IV. Burst of TE activity and hypothetical historical scenarios for genome expansion in Austrolebias genus group
Our results suggest that the very recent (11–12 Mya) genome amplification suffered by killifish of the Austrolebias genus group is likely an ongoing process that began with the birth of this clade and may be the result of its recent life history and the requirements of inhabiting a highly variable and challenging environment in a temperate Neotropical region of the Pampas. Given that the last common ancestor of the Austrolebias genus group and C. melanotaenia existed ~ 25 Myr ago [15, 44], the massive genome-wide changes have occurred between that time and the emergence of the ancestral Austrolebias species as all members of the genus group display a similar, expanded, genome size [26].
Belyayev (2014) proposed a hypothetical scenario for genome expansion mediated by bursts of TE amplification preceding speciation in small marginal populations. This explanation provides a plausible basis for genome and chromosome evolution in this annual killifish genus inhabiting temporally heterogeneous environments in South America. Under the influence of unusual and unpredictable ecological (abiotic) conditions, TEs become active; their mobilization produces genetic variation, epigenetic alterations, and high rates of karyotypic reorganization, including changes in the species-specific chromosomal pattern. Since the discovery of TEs, Barbara McClintock (1984), and subsequently other authors [5], have suggested their potential to modulate host gene expression networks in response to specific environmental stress.

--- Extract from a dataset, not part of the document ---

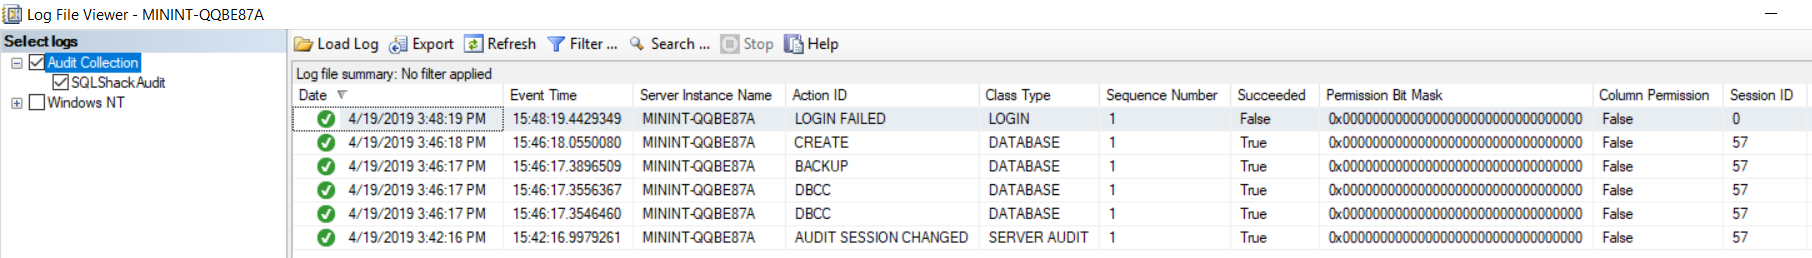 SQL Server Audit Log File Viewer 1

On the other hand, another possible source of endogenous genomic stress could be the results of the hybridization between species leading to several genome reorganizations to be driven by TEs [21, 43]. Earlier, McClintock (1984) proposed the genomic shock hypothesis in which hybridization between two species constitutes a source of stress that could disrupt the control mechanisms of TEs causing their activation [42]. Romero-Soriano et al. (2017) described the mobilization of at least 28 TEs in hybrids between Drosophila buzzatii and Drosophila koepferae [50]. In this sense, the most recent findings concerning the ancient hybrid zone between A. charrua and its sister taxon A. reicherti have corroborated the occurrence of natural hybridization among populations of the genus. This could suggest the possible involvement of these events promoting bursts of TEs in the genomes of hypothetical ancestral populations of the group. Stressful conditions that release constraints and promote the activity burst of TEs are likely, considering that these species undergo extreme departures from normal developmental programs (diapauses), as well as presenting population dynamics characterized by isolation and admixture at times of flooding, yielding to interpopulation hybridization events and the consequent genomic shock [25, 29].
Finally, it is paradoxical that, although to a lesser degree, C. melanotaenia and N. whitei have expanded their genome sizes as well, pointing to an even more ancestral event which may also be related with this changing and unpredictable environment. This points to an open question regarding the identity of the factors that have induced the appearance of a 3 Gbp haploid genome in A. charrua, a feature that is absent in N. whitei and C. melanotaenia. One possibility may be the original genomic background of each species which, for instance, in the case of A. charrua and C. melanotaenia is different, given the distinct geographic origin of the ancestral populations of these taxa [15].